Aldehydes bind to the H2S in a reaction across the aldehyde double bond. The most commonly used aldehyde is formaldehyde; alternatives include glyoxal, acrolein, and gluteraldehyde. In general, aldehydes are not used due to their high toxicity, potential to create explosive environments, carcinogenic nature, and handling issues. Glyoxal has lower environmental impact than other aldehydes, but is known to cause hydrate formation. HMTA (hexamethylenetetramine) is a safer alternative used in acid stimulation, but it produces an oily film that makes it problematic for many applications. Some aldehydes can reversibly react at higher temperatures, releasing H2S back into the system.
Triazine is the most commonly used non-regenerative liquid H2S scavenger used in the industry. Reaction byproducts are biodegradable and can be disposed of in overboard waters. Unreacted triazine is highly toxic to aquatic life and overtreatment should be minimized to the extent possible. Reaction products are soluble in oil or water phase, depending on the vendor-specific formulation. In high calcium waters, triazine can cause carbonate scaling due to increase of the system pH. Direct injection application has limited efficiency as to H2S dissolving into the product is the rate-limiting step; contactor/bubbler towers or wetted media can easily double H2S removal efficiencies, but increase the footprint of the system.
Non-regenerative: Other Options
Buffered nitrate/nitrite solutions have similar removal capacity compared to triazine. While cheaper than triazine, calcium nitrate produces nitrogen oxides, nitric acid, and insoluble precipitates from reacting with H2S.
Caustics can be used to strip H2S from gas. The removal capacity of caustics is significantly lower than other options and caustic poses safety risks.
Bisulfides can be used, but produce colloidal sulfur resulting in severe corrosion problems.
Strong oxidizers, like caustics, poses safety risks for use and handling. The reaction rate is very rapid, making oxidizers a good solution for very low levels of H2S.
Combinations of amines and aldehydes can be used to create in-situ formaldehyde for H2S scavenging. This reduces the environmental issues of formaldehyde, but maintains the usage issues of both aldehydes and amines. Performance is limited by the rate at which the aldehyde and amine react to form the free formaldehyde.
Biological processes selectively remove H2S by utilizing it in bacterial respiration, converting it to mercaptanes or elemental sulfur and sulfate. The operating temperature range is very limited due to the biological nature of the process. Exotic metallurgy is required for the equipment in this process.
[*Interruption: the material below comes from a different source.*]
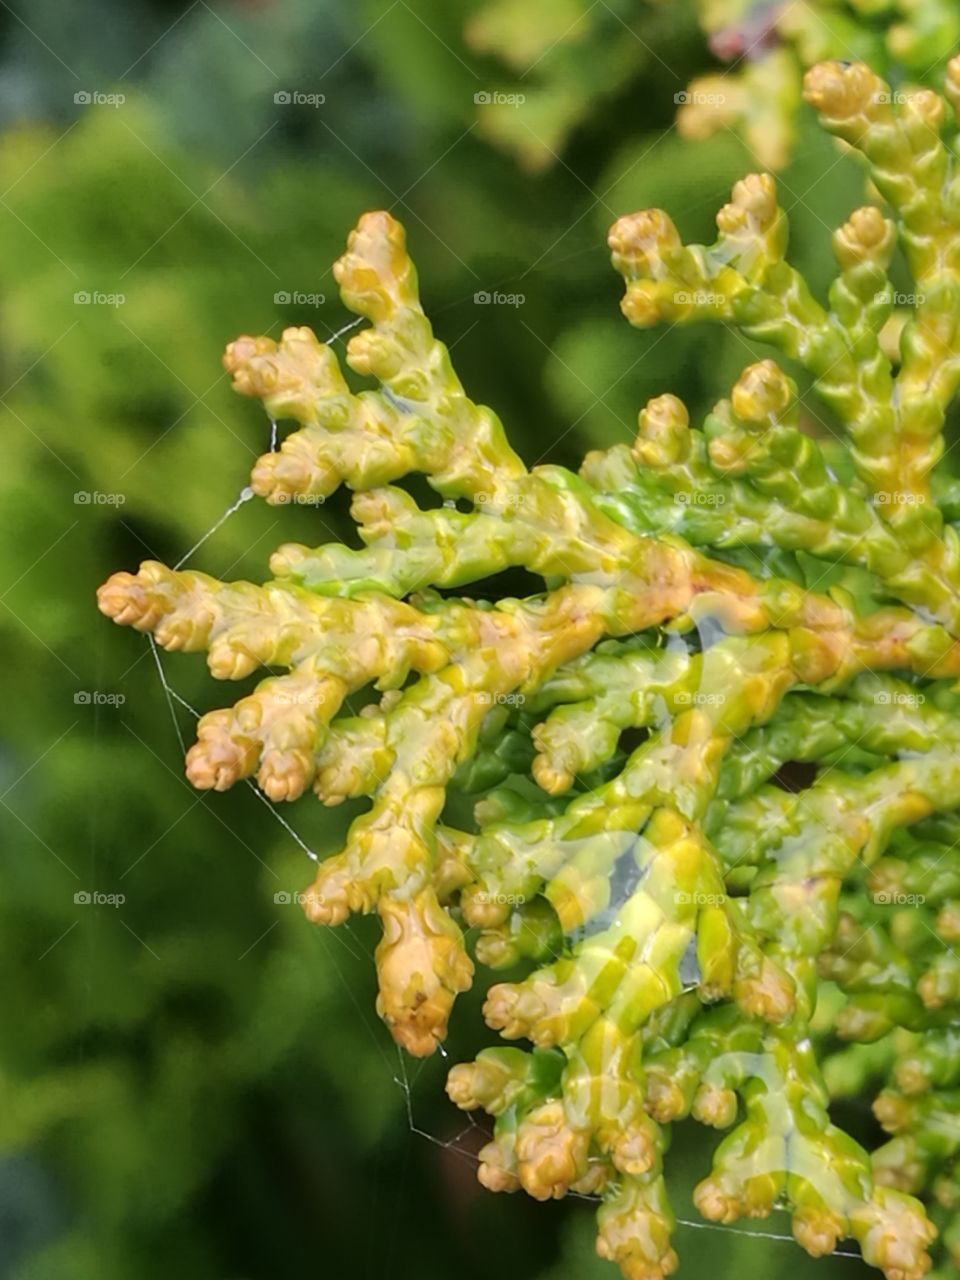 Wet Plant Covered In Webbing

It is effective at removing up to 40 tons per day of H2S, but is only viable when sulfur recovery byproducts are economically disposed of or sold off.
While a variety of H2S removal methods exist, selecting the best method for a facility involves demand, space, and CAPEX/OPEX considerations. The most commonly used method for the oil & gas industry tend to be liquid scavengers in the form of amine towers or triazine direct injection. If footprint space allows, triazine contactor towers can greatly increase efficiency and reduce OPEX.